Don't you get some really large numbers when doing this? I'm trying to write a C++ implementation using 1009, which is prime, as a test number, and I just realized that in larger bases you get very big numbers in the second test. For example, 1009 = 2^4 \times 63, so for the second test you might have 2^{2^363} = 2^{504}

I haven't stepped through it, but as with all crypto stuff involving modular exponentiation, you can keep reducing it at every step. See modular exponentiation.

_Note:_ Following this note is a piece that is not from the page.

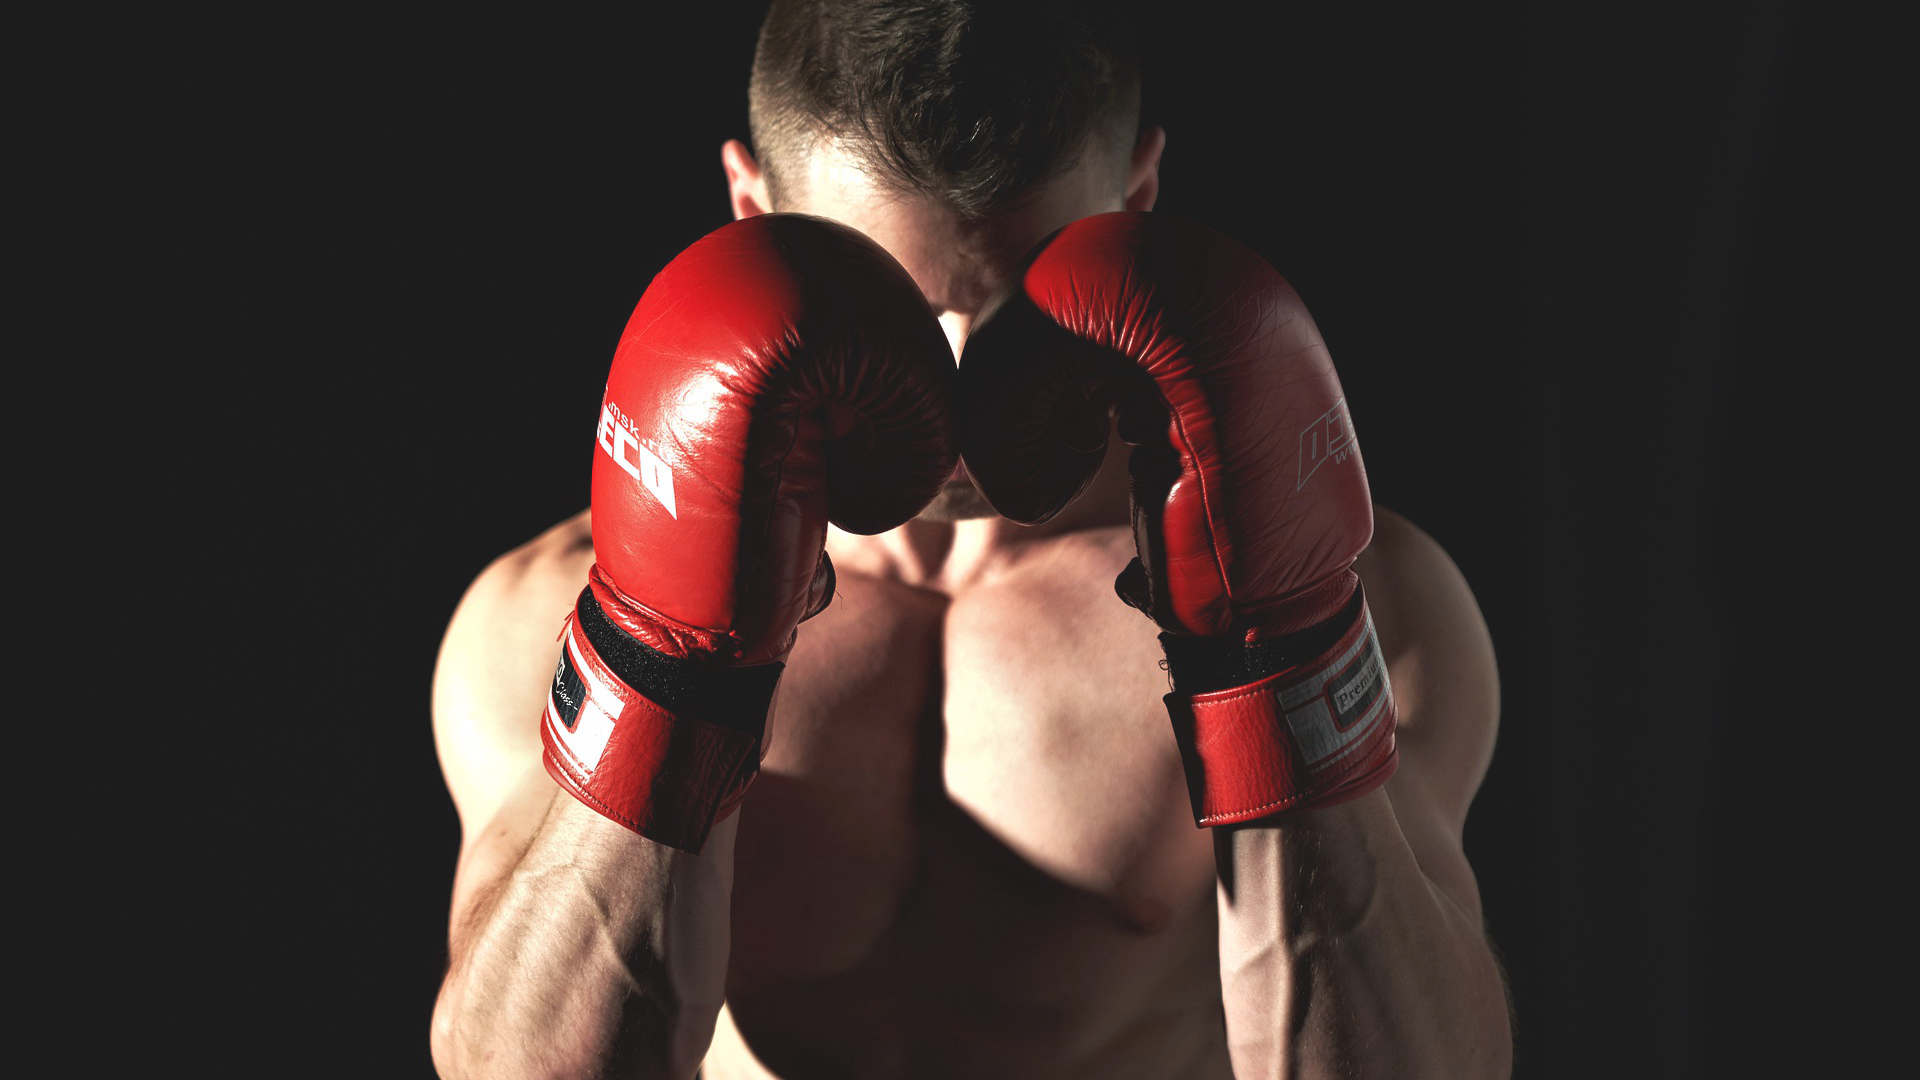 Boxen-lernen-zu-hause-boxing-arts.com
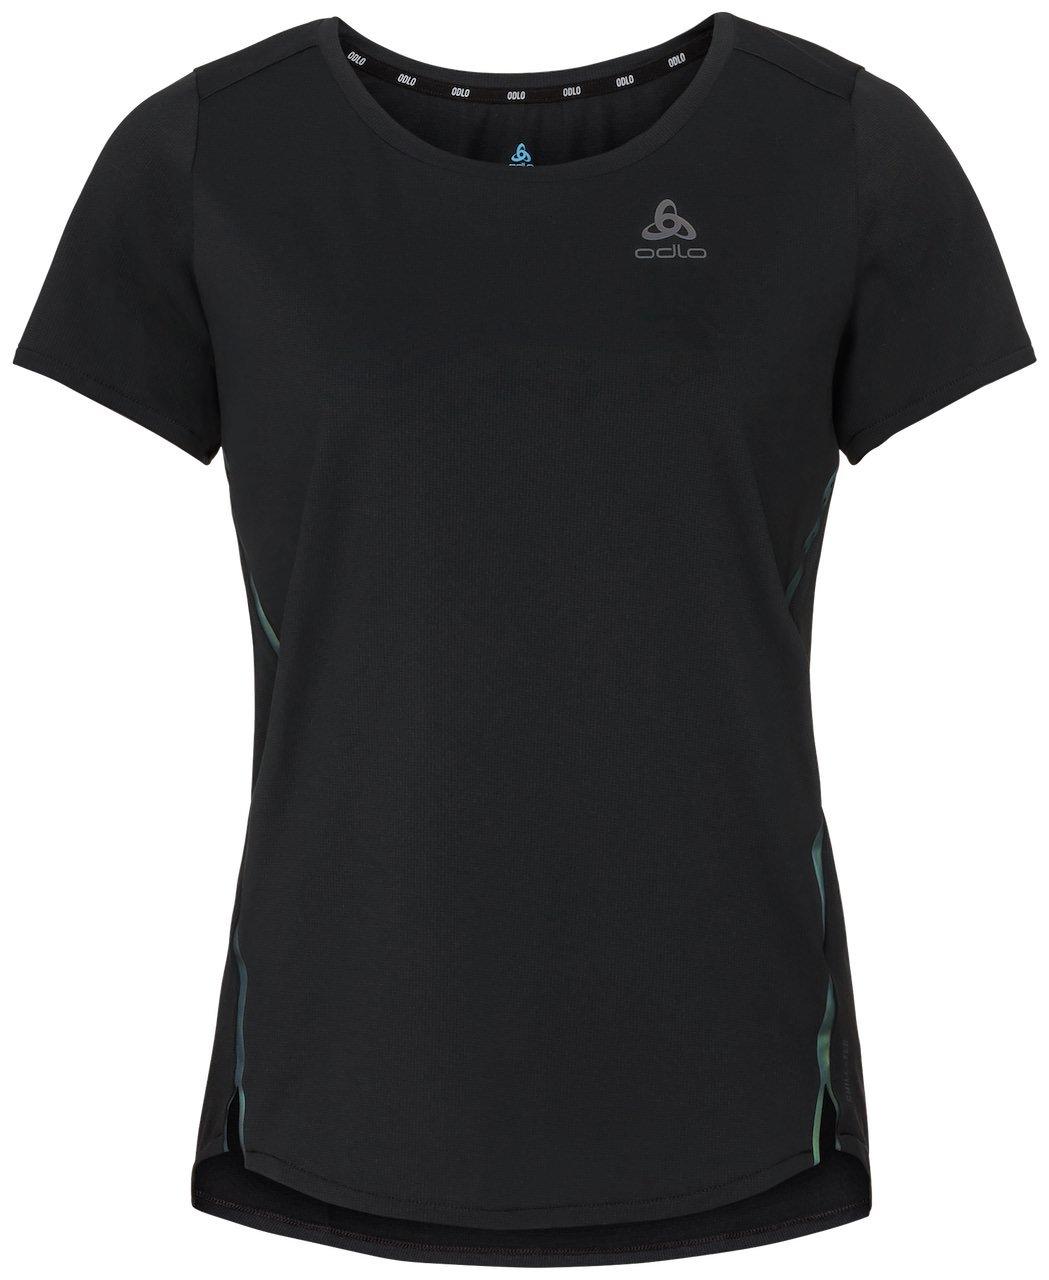 Chill-Tec Black T-Shirt S S Ws_313621_60257_A

CryptoDerk July 8, 2005 21:25 (UTC)

Contents

[edit] Smallest number for which MR test is uncertain?

Hello. It seems one could establish by brute force that the MR test gives exactly the right answer for all numbers up to some limit (determined by how long you run the MR test on successive integers). Has anyone done a brute force search like that? Or maybe someone has proved that MR test is correct (i.e., reports N is prime iff N is actually prime) for all numbers up to some bound? -- I'm assuming here that the test is computationally deterministic, i.e., if I run the test twice on the same input, I'll always get the same report. Maybe my understanding of the test is flawed. It seems like the "probabilistic" aspect of the test could be explained at greater length. Many thanks to the authors for their work on this article. 207.174.201.18 18:47, 1 February 2006 (UTC)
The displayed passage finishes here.